*Exercise data*.
┌──

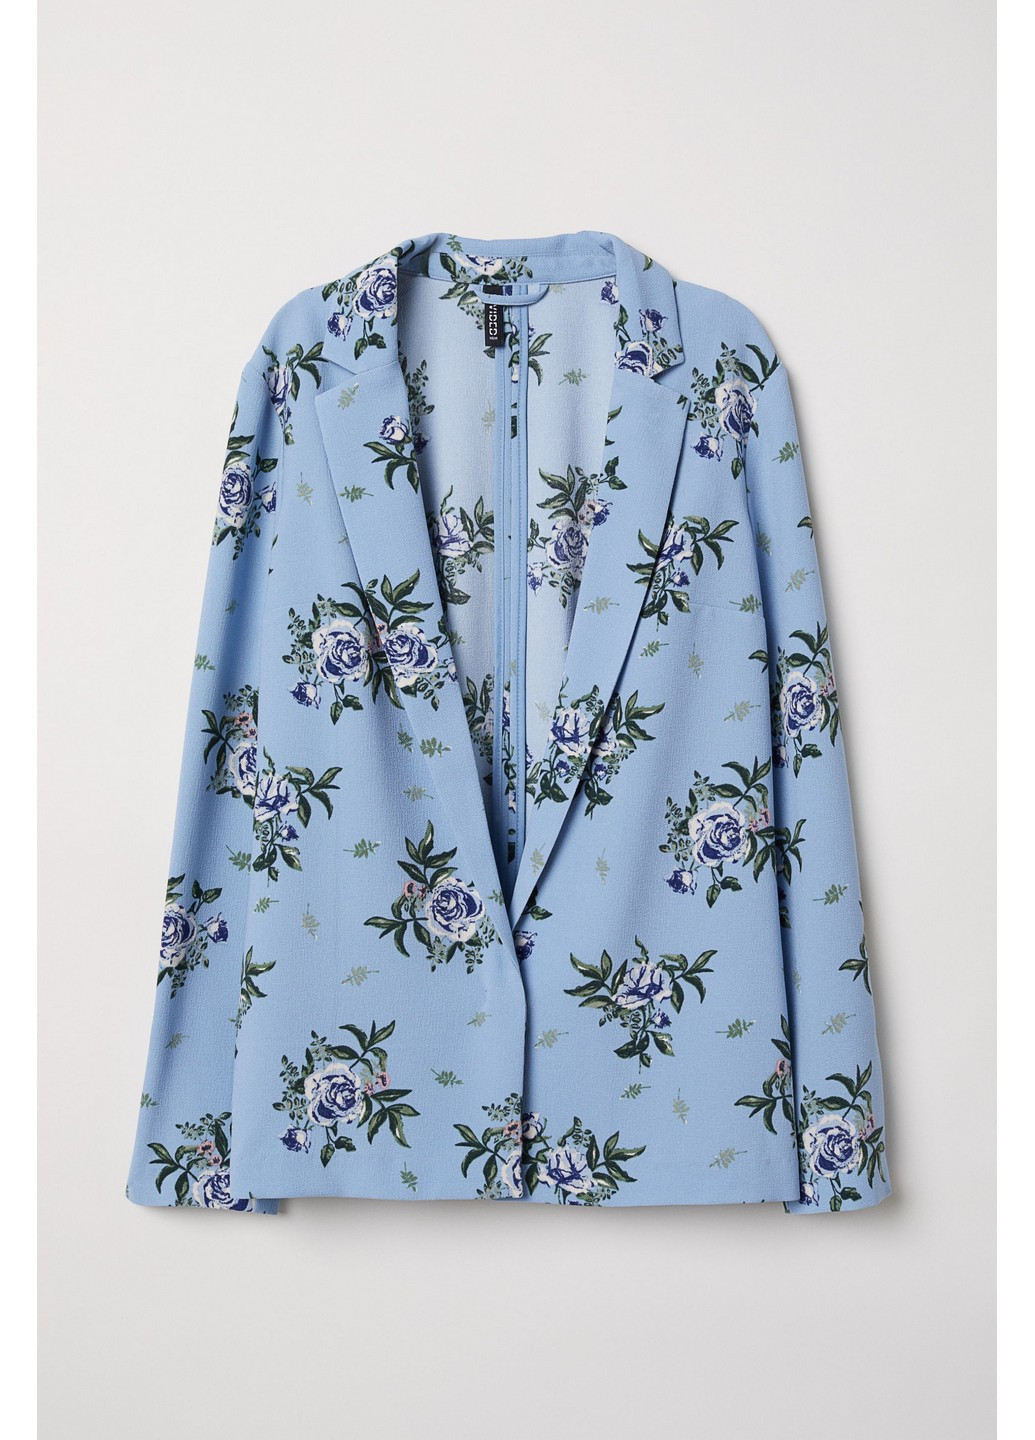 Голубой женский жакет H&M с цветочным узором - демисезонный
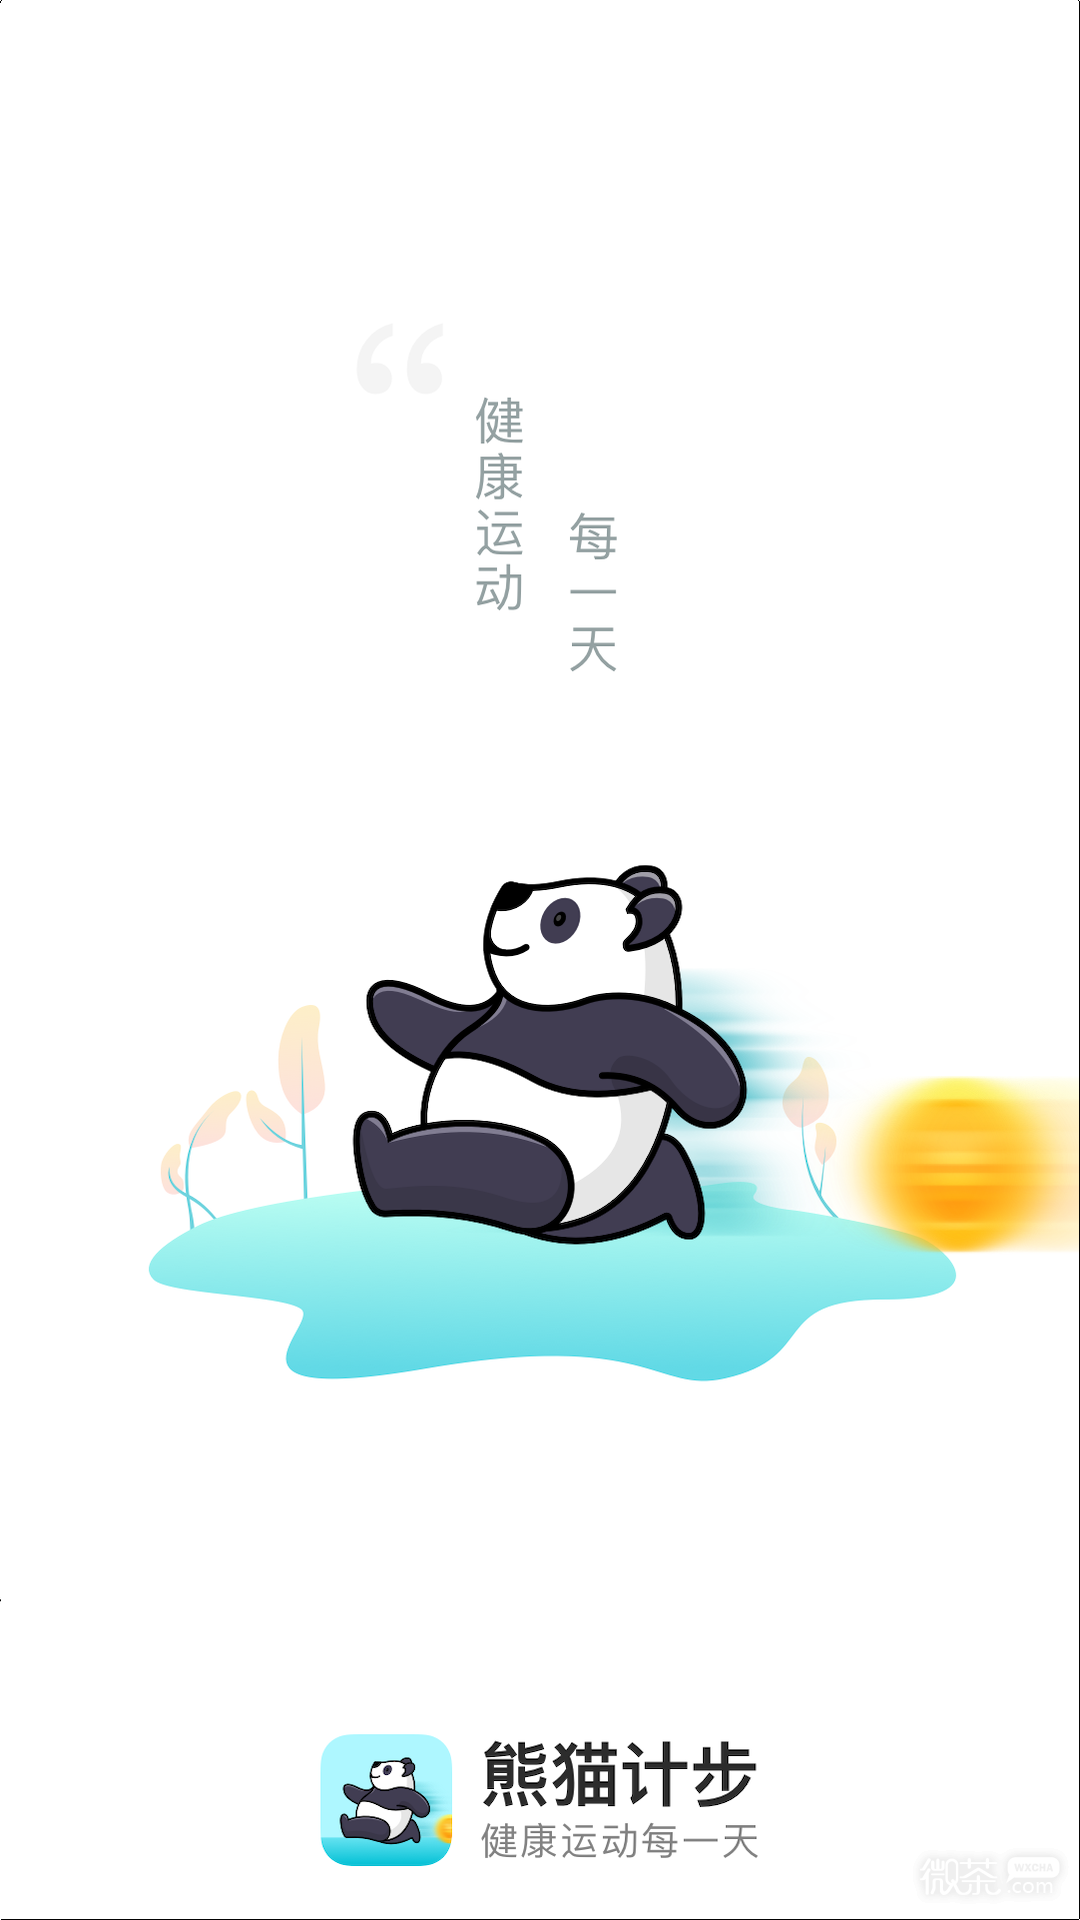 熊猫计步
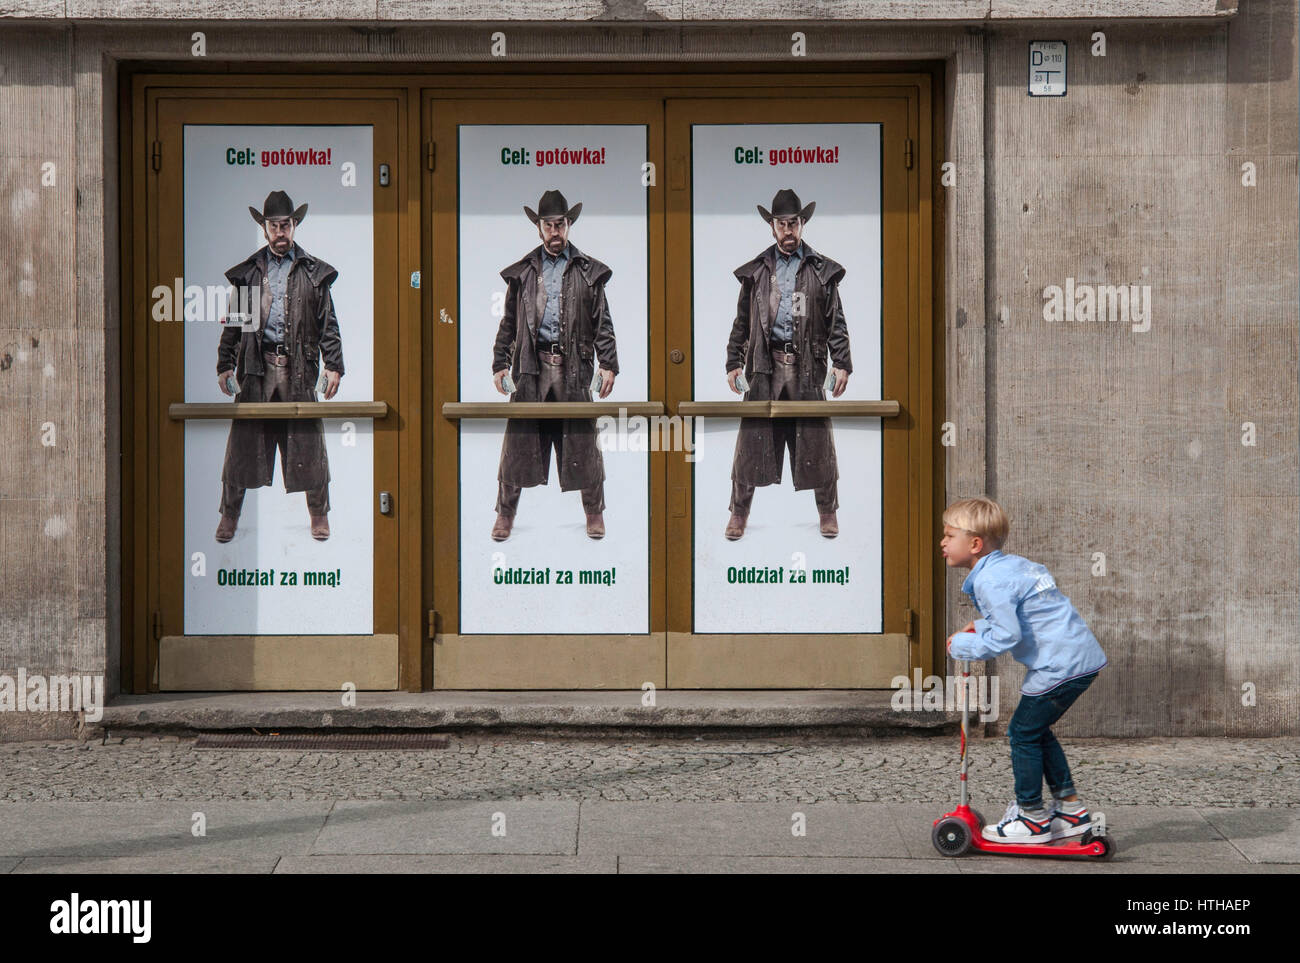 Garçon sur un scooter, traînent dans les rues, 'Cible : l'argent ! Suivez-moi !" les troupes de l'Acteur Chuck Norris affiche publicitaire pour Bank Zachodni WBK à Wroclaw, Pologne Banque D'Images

└──

In your copy of the listing above, every line must match exactly and no picture may appear.

*Task response*.
 Голубой женский жакет H&M с цветочным узором - демисезонный
 熊猫计步
 Garçon sur un scooter, traînent dans les rues, 'Cible : l'argent ! Suivez-moi !" les troupes de l'Acteur Chuck Norris affiche publicitaire pour Bank Zachodni WBK à Wroclaw, Pologne Banque D'Images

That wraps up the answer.